# my new snakehead



## nitrofish (Jan 14, 2003)

they are realy small right now, but thats ok, I don't mind. there cute little buggers


----------



## LaZy (Jun 17, 2003)

Nice guys what kind eh


----------



## lemmywinks (Jan 25, 2004)

nice


----------



## Lonald (Jan 10, 2004)

awsome


----------



## nitrofish (Jan 14, 2003)

I don't knw how to spell it, but ill give it a try, gachua .
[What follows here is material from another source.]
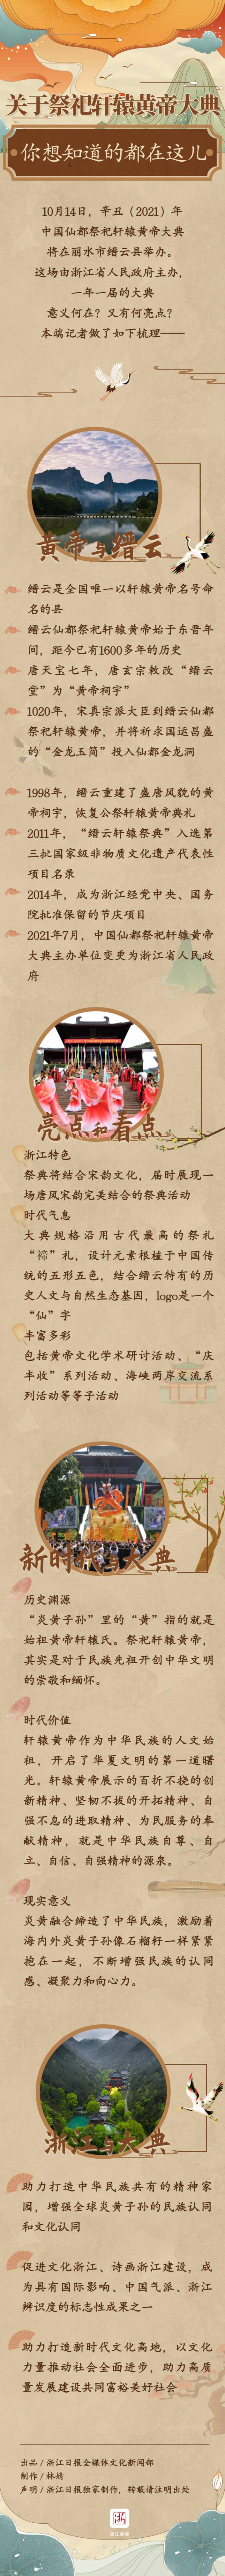 副本_食疗养生班_中国风_课程长图 (2).jpg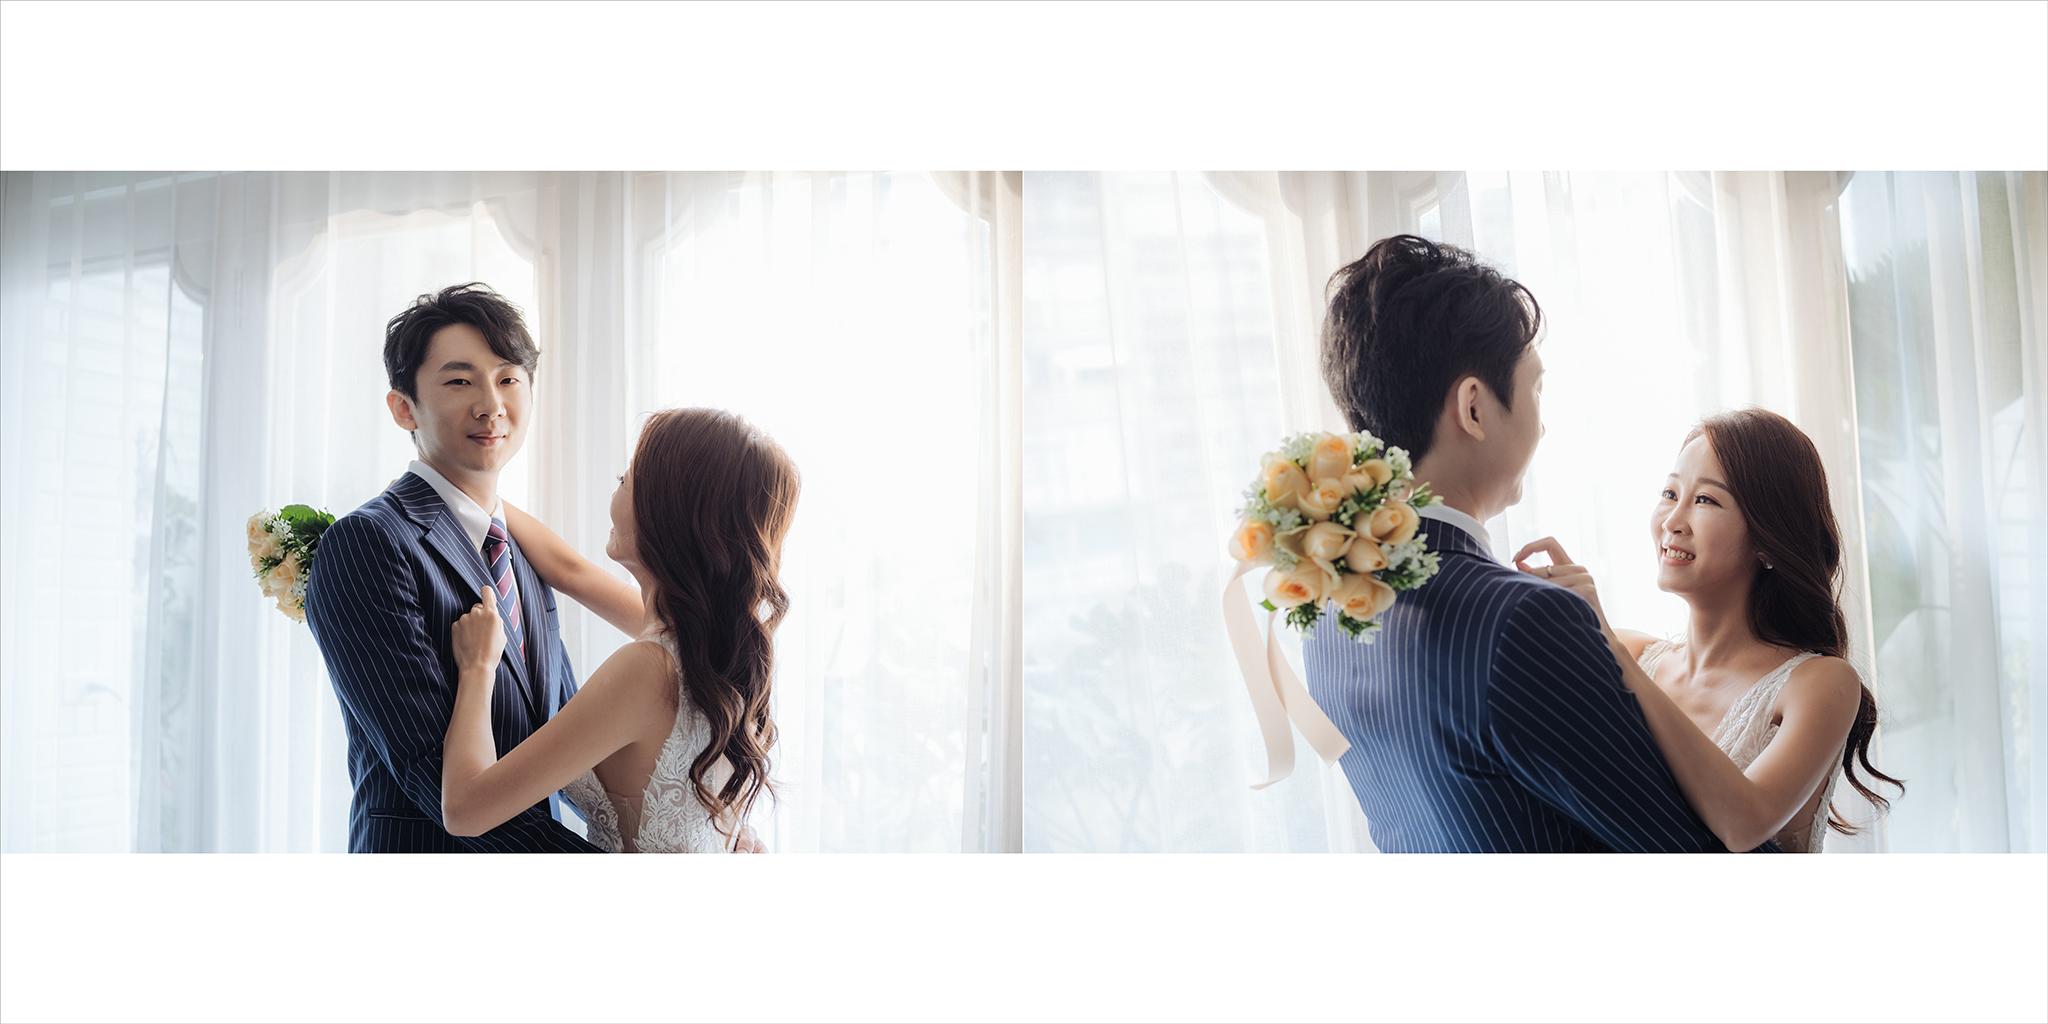 51008344368 458c8736c4 o - 【自主婚紗】+于鈞&勁蒼+

anyway, they are dwarf snakeheads :nod:


----------



## SLANTED (Dec 7, 2003)

Very nice pick up man. I just sold my last gachua today also. Those guys are a blast. Make sure that tank is covered bro.


----------



## Atlanta Braves Baby! (Mar 12, 2003)

How big do those get?


----------



## con man (Mar 7, 2004)

8=9 inches they breed by 4in im pretty sure

i want some

i have a nice planted 29 from a buy that didnt go threw.. maybe some leafish and a couple gachuas...


----------



## timmy (Mar 29, 2004)

Where are you getting them???


----------



## benefit (Sep 3, 2003)

Nice gachuas. Keep that tank covered. Mine jumped out through a tiny hole smaller than a half inch with the water lowered about 4 inches.


----------



## booger (Mar 8, 2004)

I want one bad!!!


----------



## timmy (Mar 29, 2004)

booger said:


> I want one bad!!!


 I second that!


----------



## con man (Mar 7, 2004)

there a pain in the ass to get in ct.. still dont have them and ive been lookin for almost a year now


----------



## phil me in (Jun 6, 2004)

nice!!!!!!!!


----------



## StuartDanger (Aug 7, 2003)

get a condensation tray if you have a lip in your tank, that will stop them jumping out.


----------